My best friend in the whole wide world has been away for about two years, and now she’s back and in love with a guy from her childhood and getting hitched. I barely know the guy, but I don’t have a good feeling about him, and worse, she “changes” for him. Meaning her values may have changed as a result of his influence. I’m uncomfortable with the whole thing because I feel like she’s rushing into it. She’s never lived with the guy, and they’ve only been dating long-distance for six months or so. I’m finding it difficult to be genuinely happy for her, and what’s worse, I feel super guilty about it. Correct that: I AM happy for her, but I still need some time to get used to the idea. But I don’t have time: the wedding is set for October, and she’s assuming I’ll be in it. Already, I feel overwhelmed. I thought the wedding would be at least a year away; in fact, she assured me it would.

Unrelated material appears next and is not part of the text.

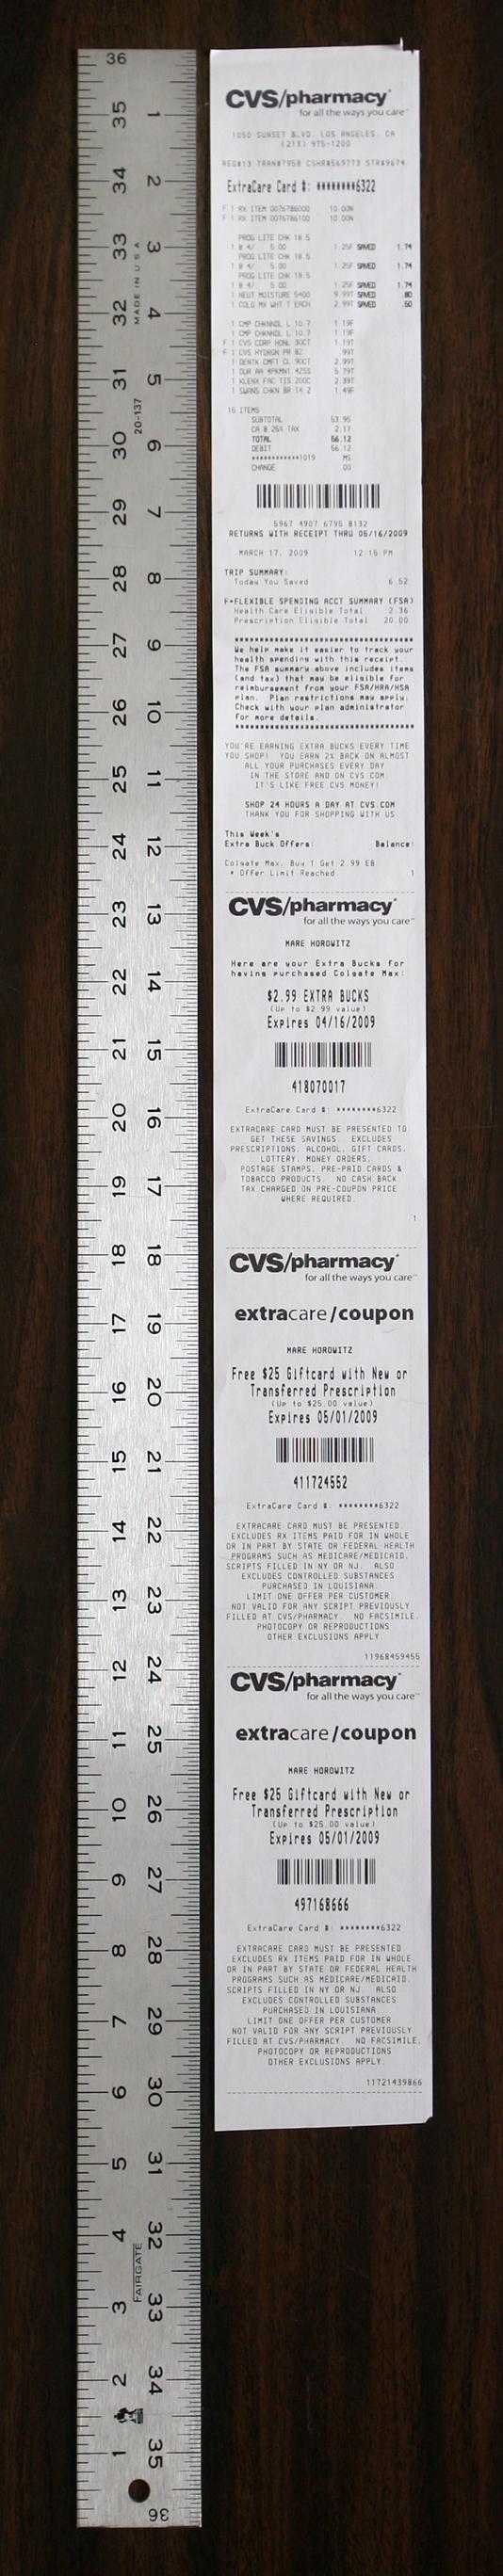 longest receipt ever

The fact that I just found out that the wedding going to be alcohol free is making things worse. Yikes. How am I going to get through it? Is there any way I can get out of it without destroying our friendship? Moreover, am I a bad friend for not acting thrilled about the whole thing and jumping in head first to support her? We’re like sisters, and now I just feel terrible. — Losing Sleep in LIC
Your “best friend in the whole wide world” is happily engaged and you want to “get out of” being in the wedding because it’s going to be alcohol-free and you have a “bad feeling” about this guy you barely know? In fact, the only less than favorable thing you can find to say about him — at least in this letter — is that he’s had an influence on your friend’s values? Hmm … his “influence” might not have anything to do with this wedding being booze-free, could it?
I suspect what’s really got your panties in a bunch is the fact that your friend’s been away for two years and just when you thought you’d have a chance to reconnect with her, she’s gone and gotten engaged. Sorry, LS, but you sound like a jealous friend who can’t handle someone — or something — else being the focus of your BFF’s world right now. Grow up! Your friend sounds happy and unless you have some legitimate reason to fear for her emotional or physical well-being in marrying this guy, you need to suck it up and support your friend through this exciting time. If you can’t at the very least fake some happiness for her and be there for her on her wedding day — no matter how “overwhelmed” it makes you feel to have only three months to “get used to the idea” — you’re going to sorely regret it later. Because, no, LS, there isn’t any way you can get out of going to your BFF’s wedding without destroying your friendship, and trust me here, a little jealousy is a terrible reason to turn your back on a friend.